Samsung is looking to bring its free TV streaming app to other TVs

Mike Wheatley

Samsung Electronics is holding talks with other TV brands about bringing its free TV streaming service, Samsung TV Plus, to third-party TV platforms.


The news was first revealed by tech reported Janko Roettgers in the Lowpass newsletter, who said Samsung is talking to a number of TV manufacturers, including TCL.

Launched in 2015, Samsung TV Plus is a free, ad-supported streaming (FAST) service that’s pre-installed on most new Samsung TVs. It’s a kind of TV-guide styled app that offers a collection of free-to-watch TV channels.

Unlike a lot of other free content services, Samsung TV Plus offers a fairly decent slate of content with shows including Top Gear, Law & Order Special Victims Unit, NCIS, and Chicago Fire among its offerings. It also shows various local and national news channels, plus some of Samsung’s own channels like Ride or Drive and The Movie Hub. Altogether, it offers more than 1,600 channels, though the exact availability depends on the country you’re tuning in from. In the U.S., for example, it offers 220 channels.

The fact Samsung is holding talks with other TV makers suggests that it’s looking to transform the service into a free-floating TV app. Initially, the plan was to license individual channels to TV makers, but according to Roettgers, those talks “don’t seem to have gone anywhere”. So instead, Samsung is now floating the idea of bringing the entire app to third-party TVs. The company has expanded availability of Samsung TV Plus over the years, bringing it to Galaxy smartphones and tablets, the internet and even some Family Hub refrigerators.

Of course, TV brands such as TCL, LG Electronics and Vizio all have free streaming apps of their own. In addition, there are plenty of free streaming apps not tied to any specific TV platform, such as Tubi, Plex, Peacock, Pluto, Roku and Amazon Freevee.

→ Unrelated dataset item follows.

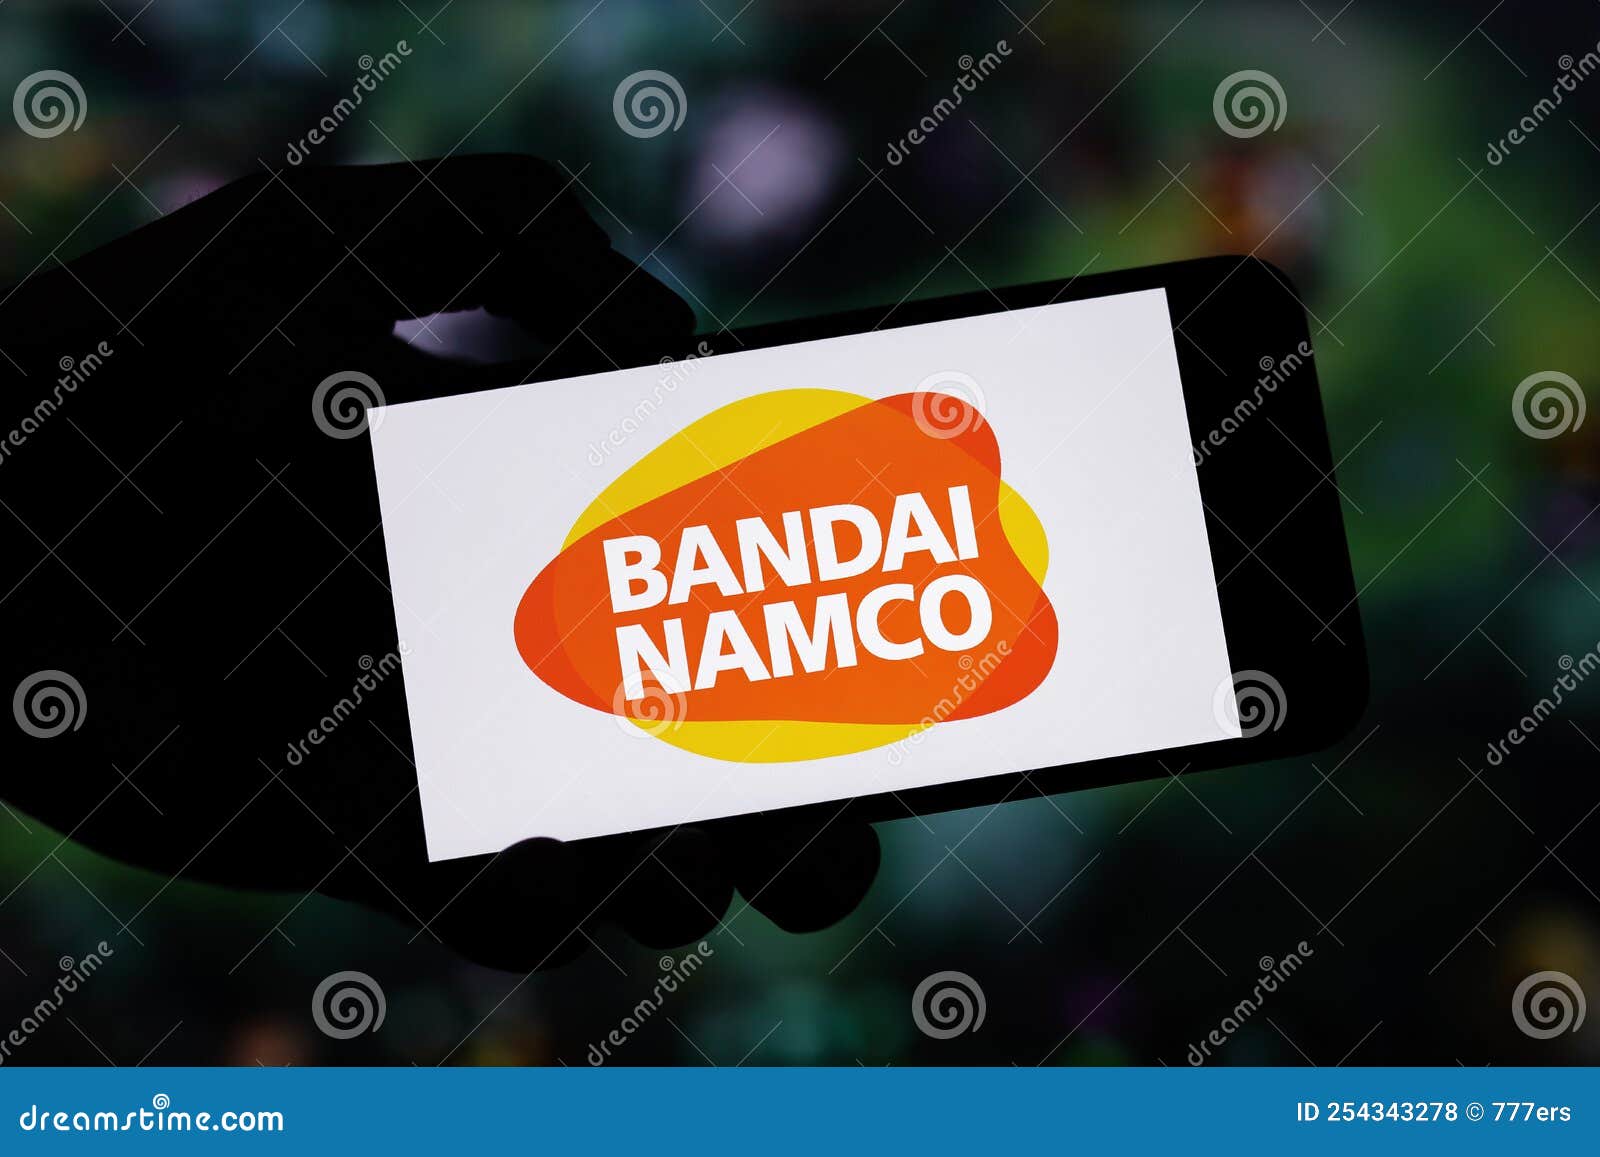 Notícias sobre a Bandai Namco

Samsung clearly wants to compete with those services, but it’s not clear if other TV makers will be receptive to its plans.

That said, one thing that is clear is that free TV streaming apps are growing fast at a time when paid streaming services such as Netflix are struggling to attract new and retain existing subscribers. In August, Samsung revealed that TV Plus grew 100% in consumer viewing over the past year, with viewers streaming a combined three billion hours of content globally. A report from Deadline also attests to the growth of FAST streaming services, noting that the segment was likely to achieve $4 billion in revenue in 2022, rising to $9 billion by 2026.

Samsung clearly wants a piece of those ad-based revenues, and as Roettgers notes, the success of individual FAST platforms depends on the “level of promotion they receive” at the platform level. By that, he means the app’s inclusion in the TV’s interface, or as a dedicated button on the remote.

Content producers such as Warner Bros. are also believed to be keeping an eye on the growth of FAST streaming services. Recently, YouTube began testing a free, ad-supported service, aimed at those who don’t want cable and aren’t interested in subscribing to premium apps like Netflix, Disney Plus and Hulu.